Start of GIVEN RECORDS
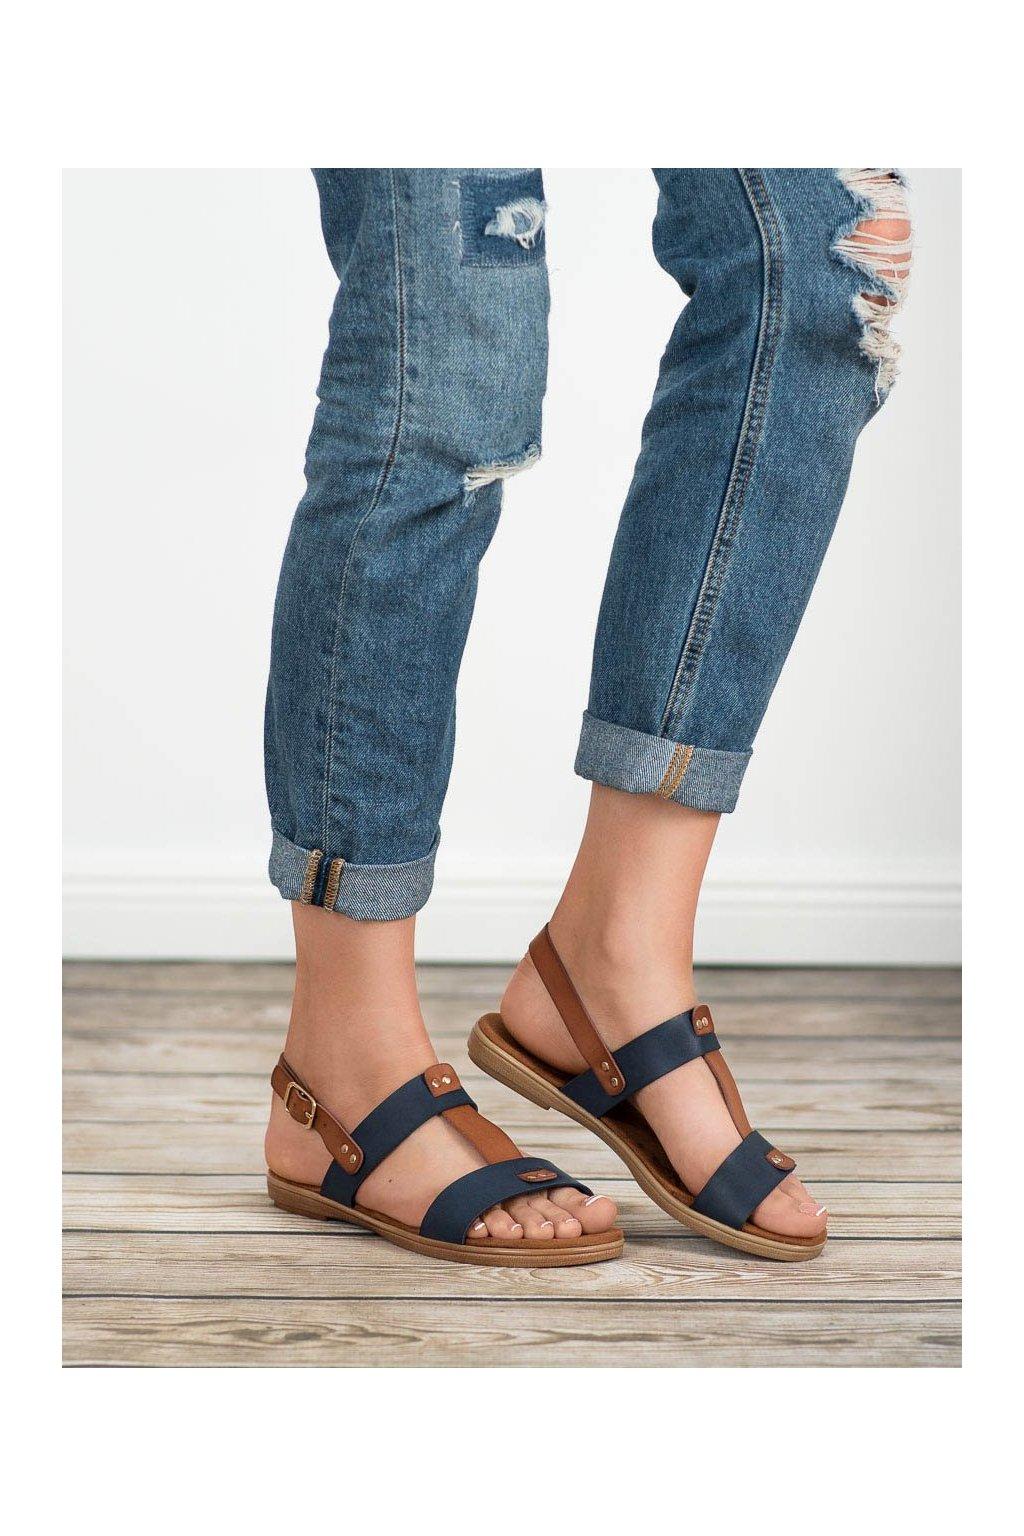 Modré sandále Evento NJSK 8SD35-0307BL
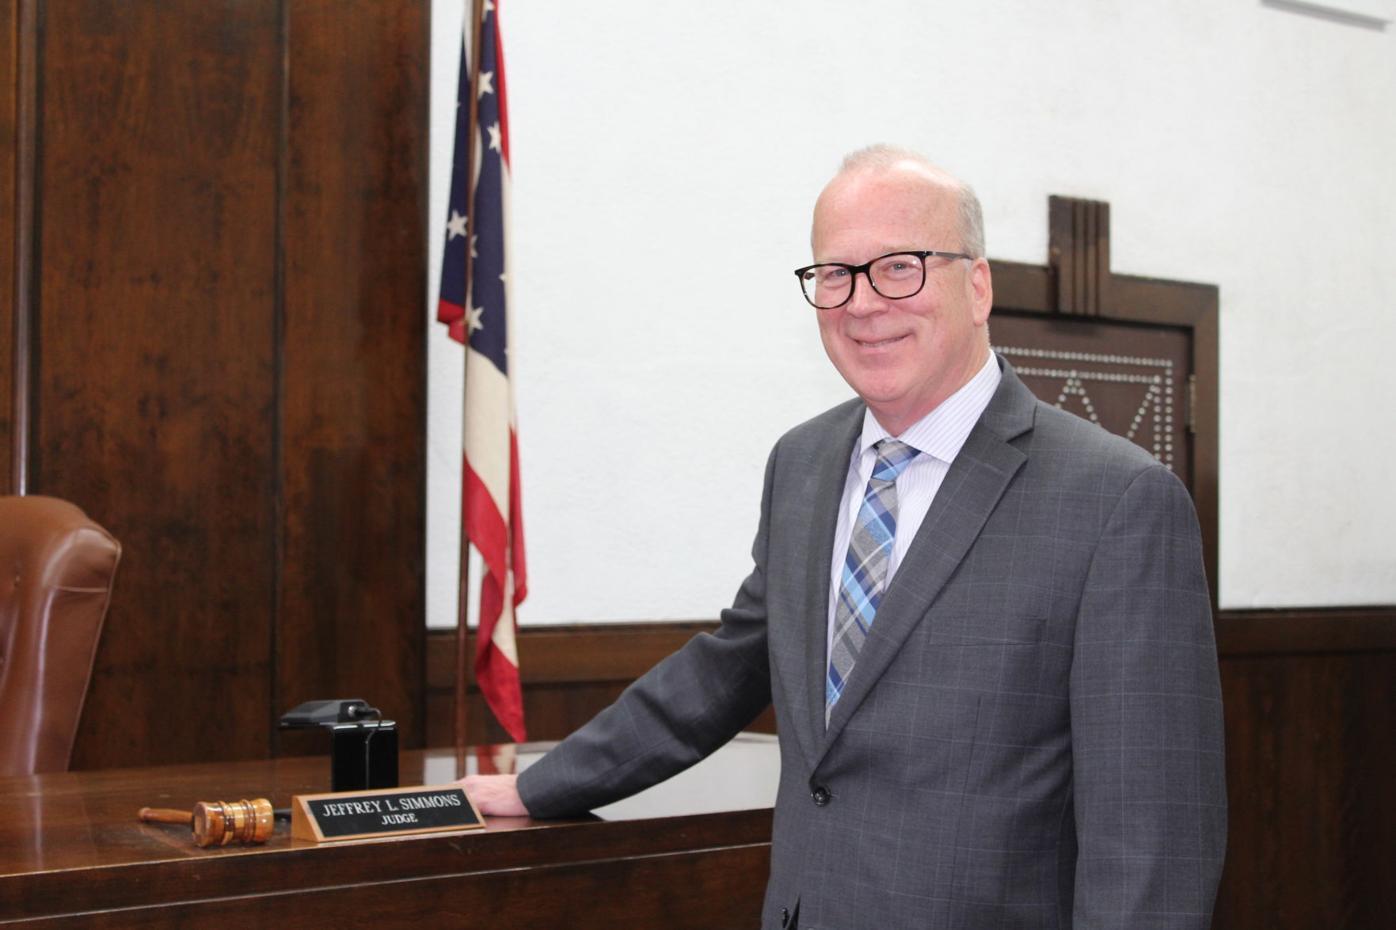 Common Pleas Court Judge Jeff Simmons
End of GIVEN RECORDS
Start of GIVEN RECORDS
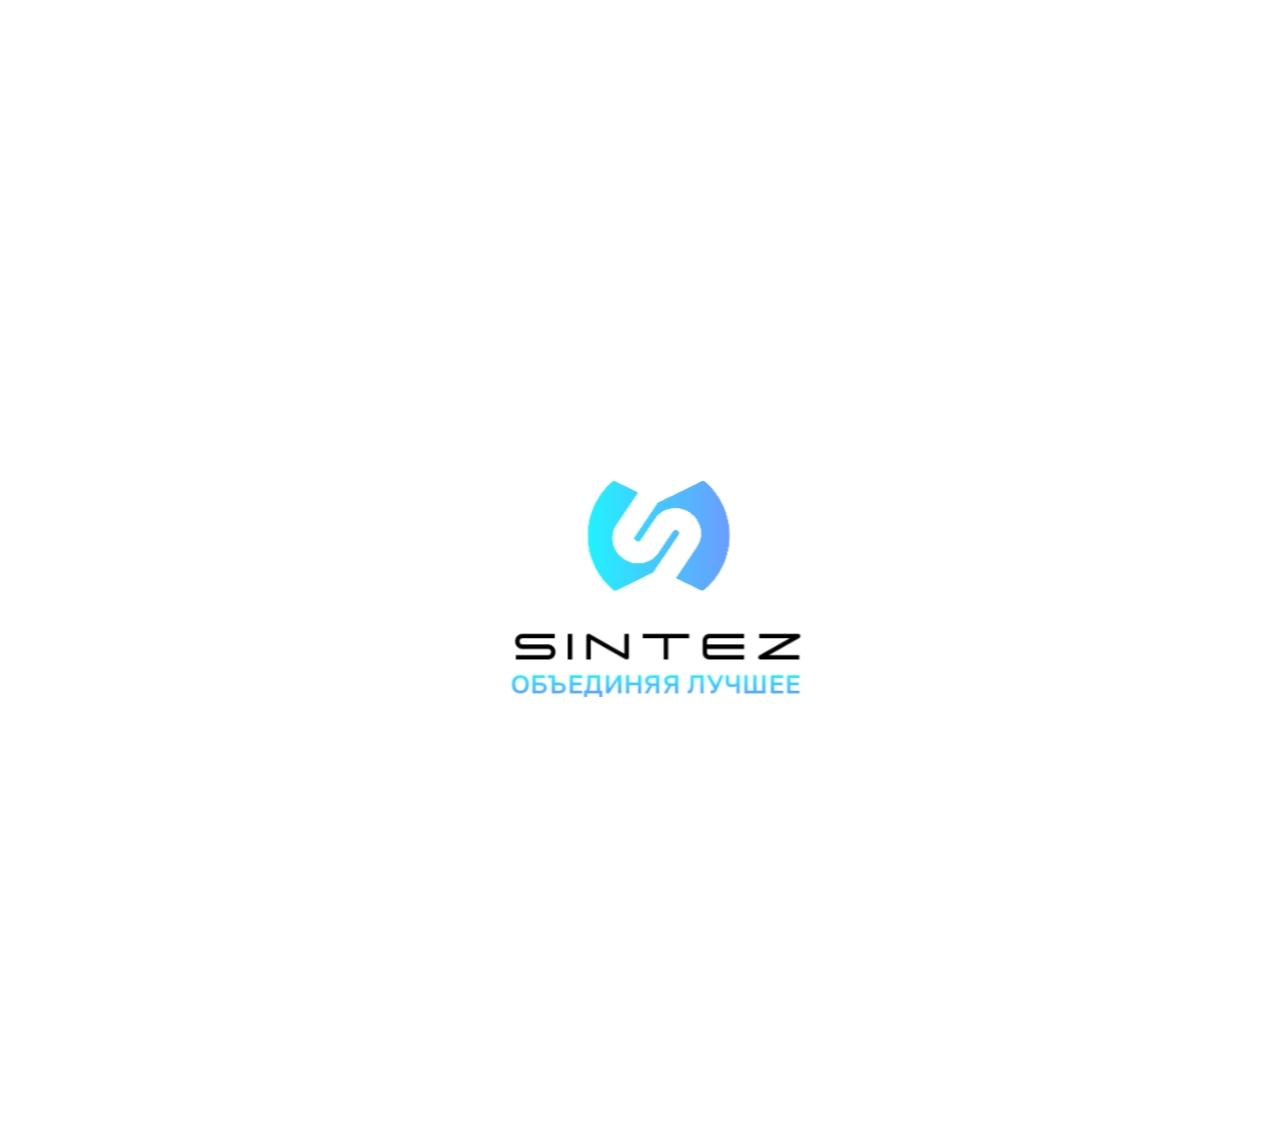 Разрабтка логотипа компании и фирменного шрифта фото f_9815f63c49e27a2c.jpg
End of GIVEN RECORDS
**ABOUT THIS TASK:** In the listing above, find the line with "Modré sandále Evento NJSK 8SD35-0307BL" and the line with "Common Pleas Court Judge Jeff Simmons". Set down exactly those lines and everything between them, skipping pictures.

**RESULT OF THIS EXERCISE:**
 Modré sandále Evento NJSK 8SD35-0307BL
 Common Pleas Court Judge Jeff Simmons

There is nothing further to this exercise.